--- INPUT DATA ---

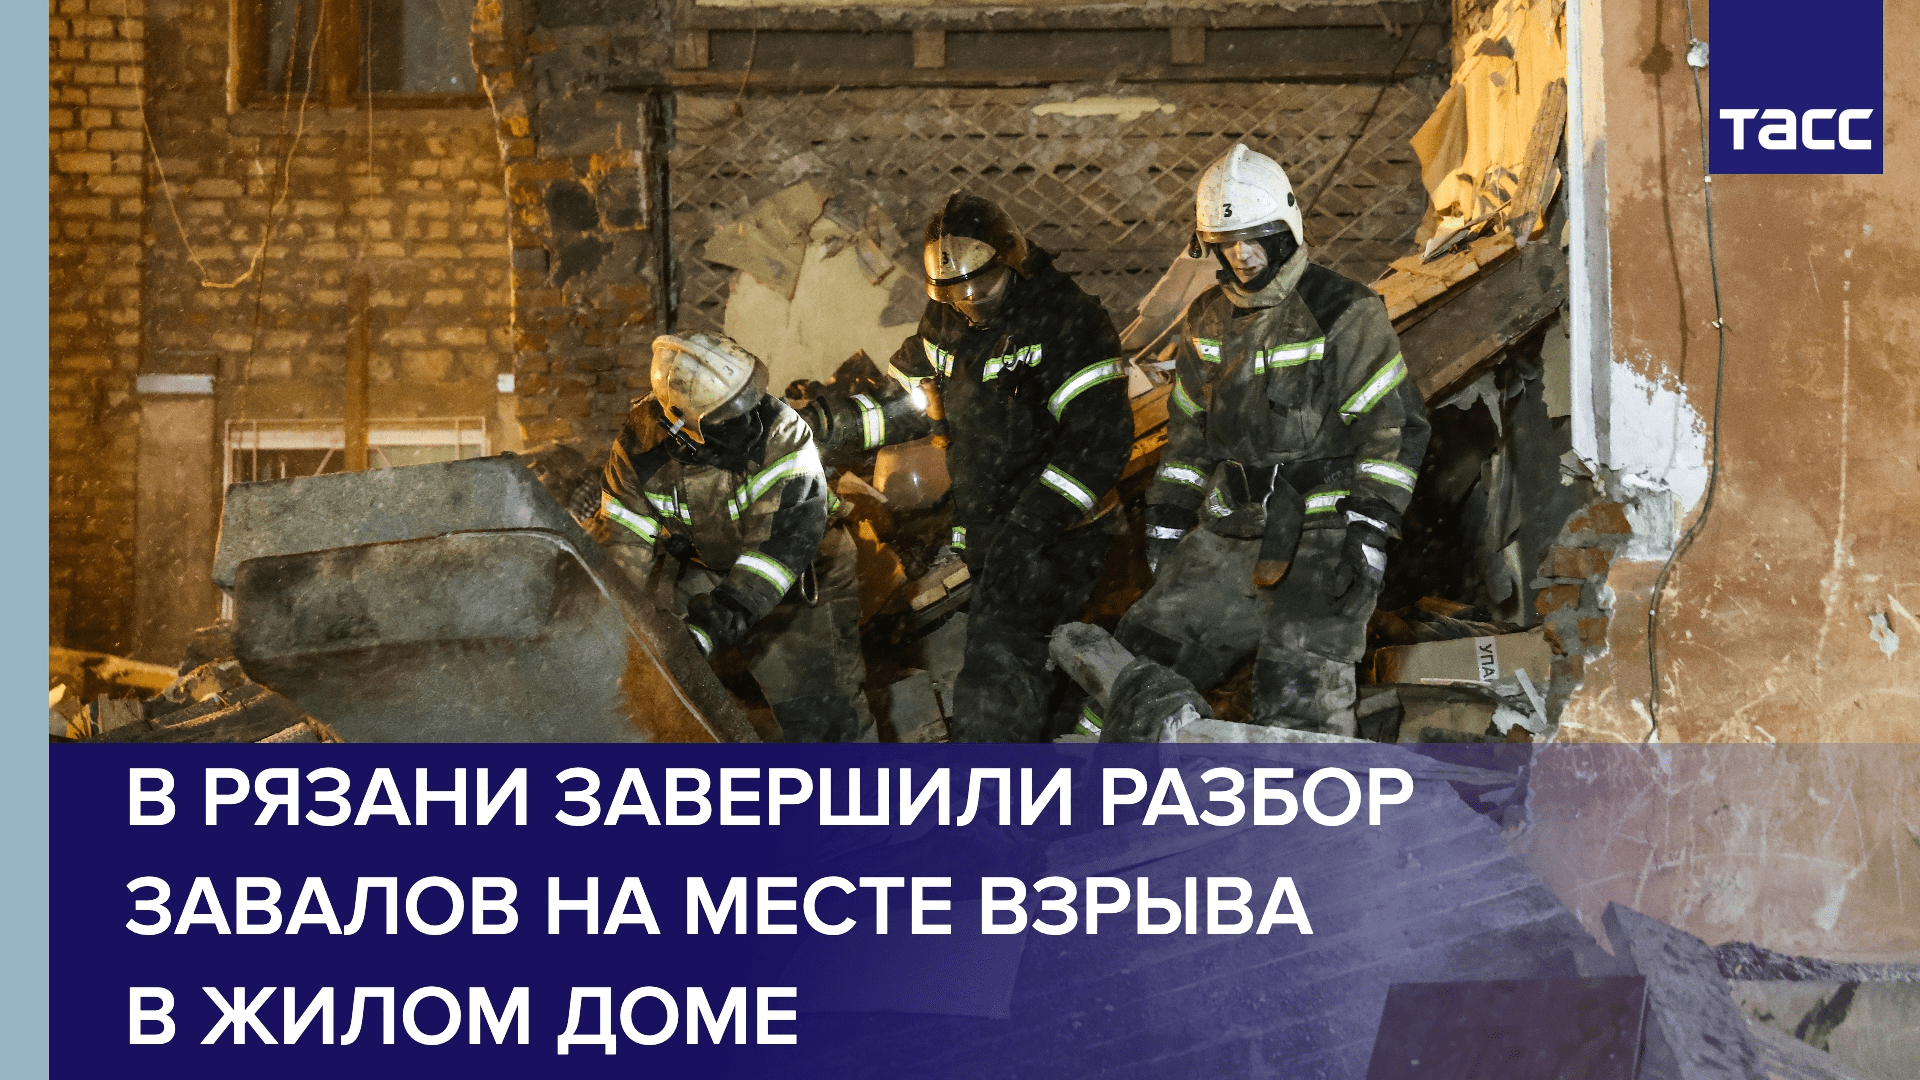 В Рязани завершили разбор завалов на месте взрыва в жилом доме
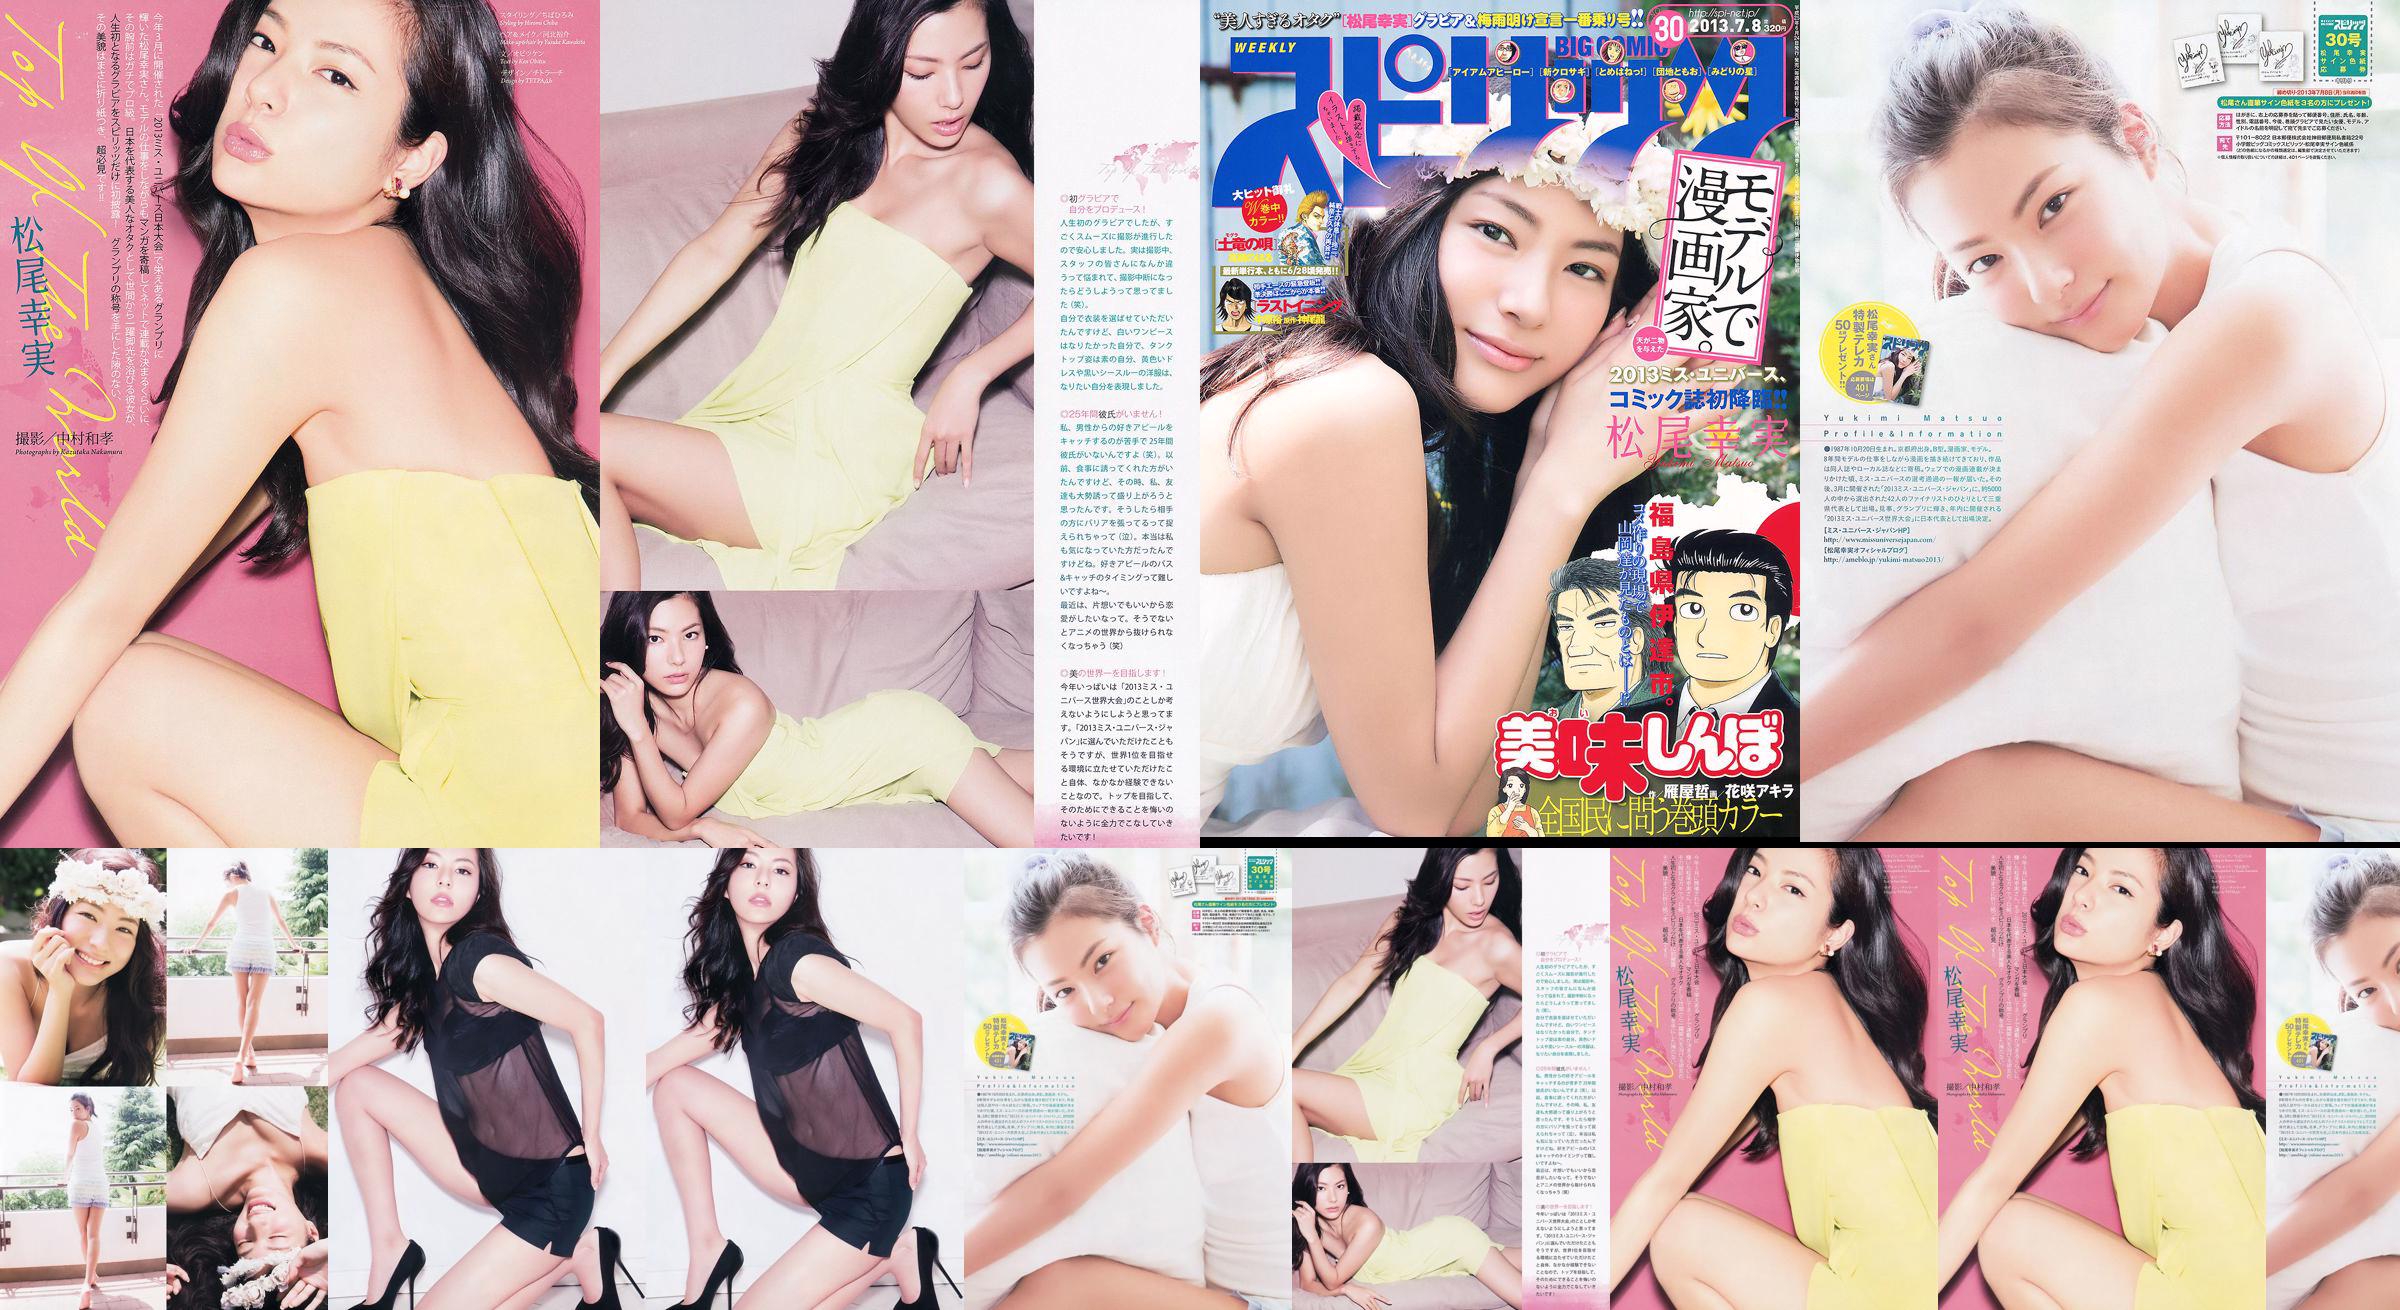 [Grands esprits de la bande dessinée hebdomadaire] Komi Matsuo 2013 No.30 Photo Magazine No.026a43 Page 1
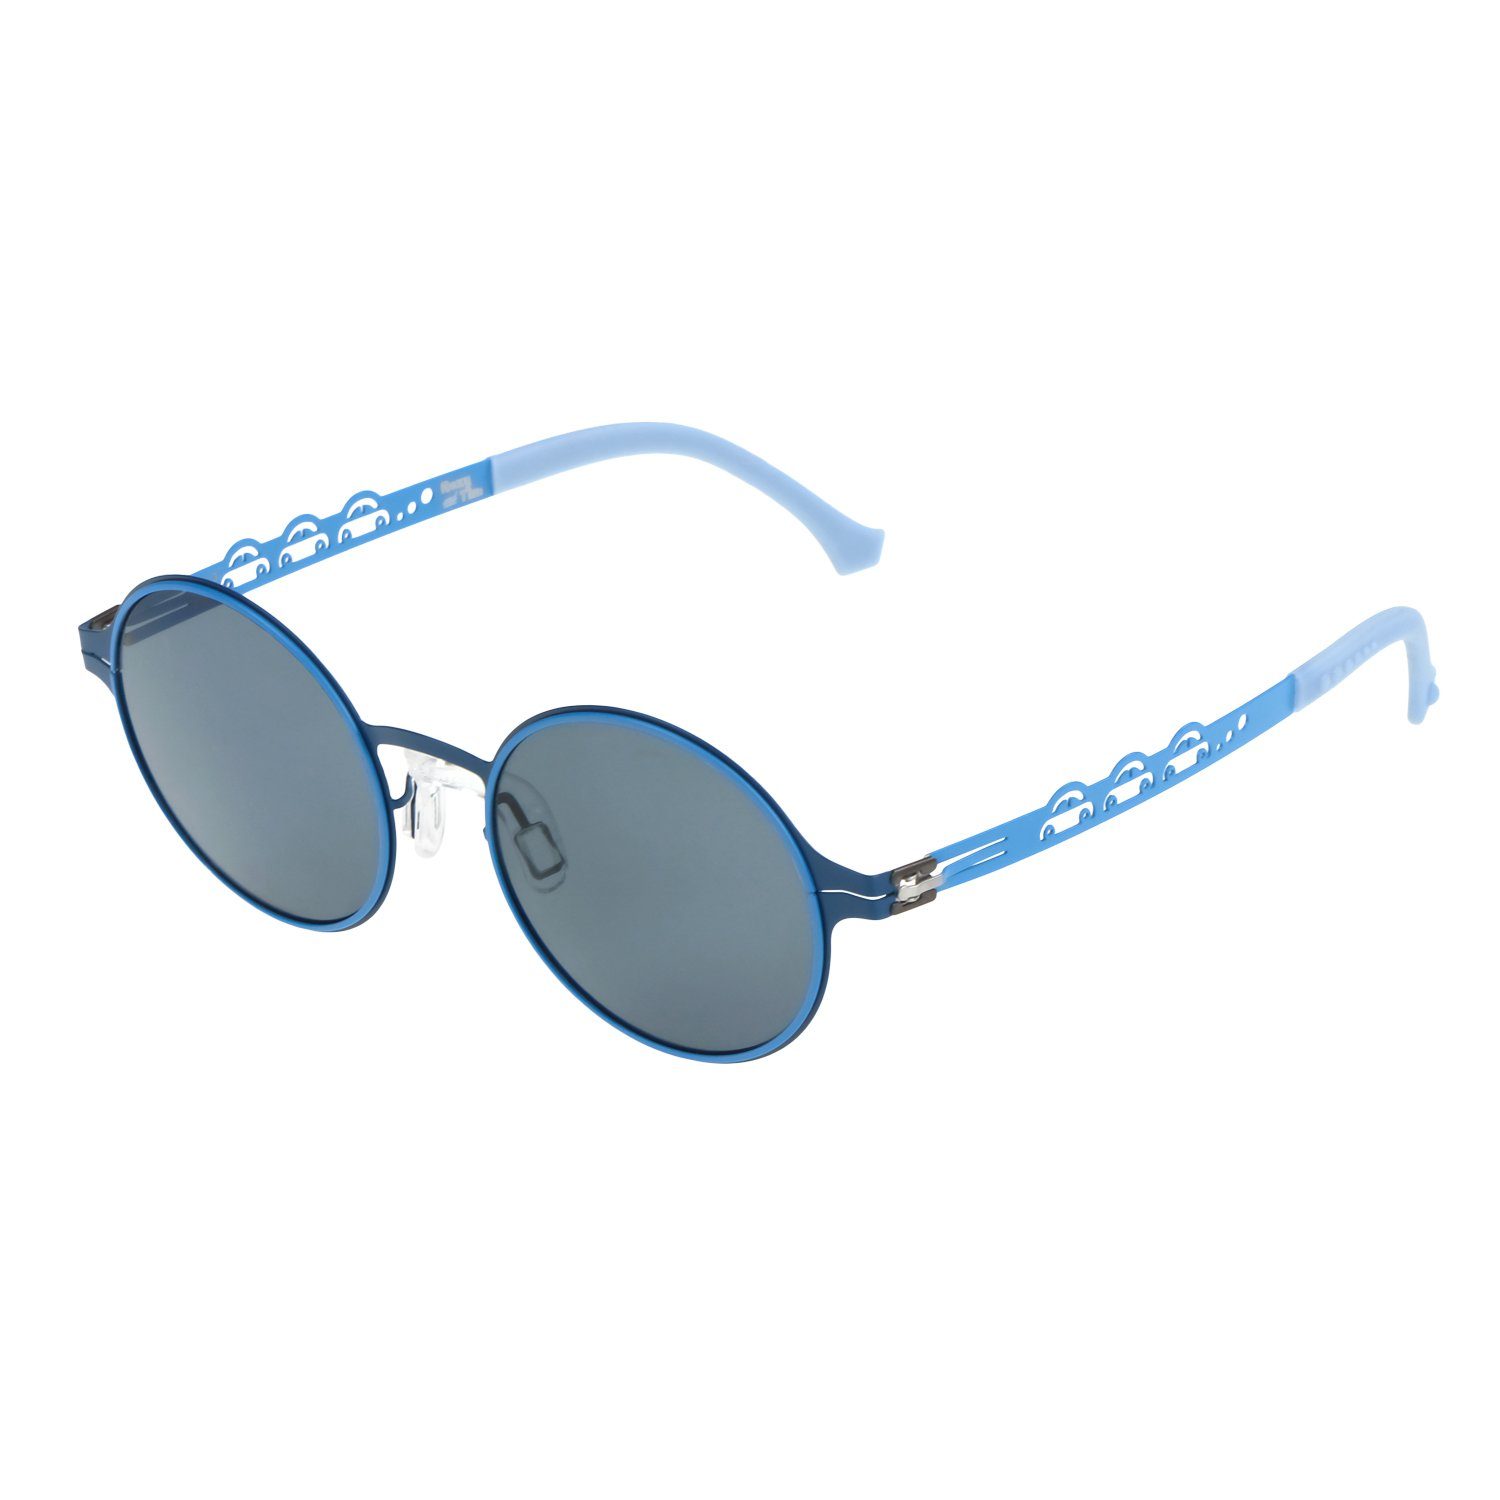 ActiveSol SUNGLASSES Sonnenbrille Kinder Sonnenbrille, Private Eyes, 3-8 Jahre pulverbeschichteter Metallrahmen, weiche Ohrenschoner, leicht 15g Blau - Car

---

→ **EXERCISE**: Nothing but the lines from the one containing "[Grands esprits de" through the end of the listing should be written out, each exactly, and pictures must be left out.

→ **SOLUTION**:
 [Grands esprits de la bande dessinée hebdomadaire] Komi Matsuo 2013 No.30 Photo Magazine No.026a43 Page 1
 ActiveSol SUNGLASSES Sonnenbrille Kinder Sonnenbrille, Private Eyes, 3-8 Jahre pulverbeschichteter Metallrahmen, weiche Ohrenschoner, leicht 15g Blau - Car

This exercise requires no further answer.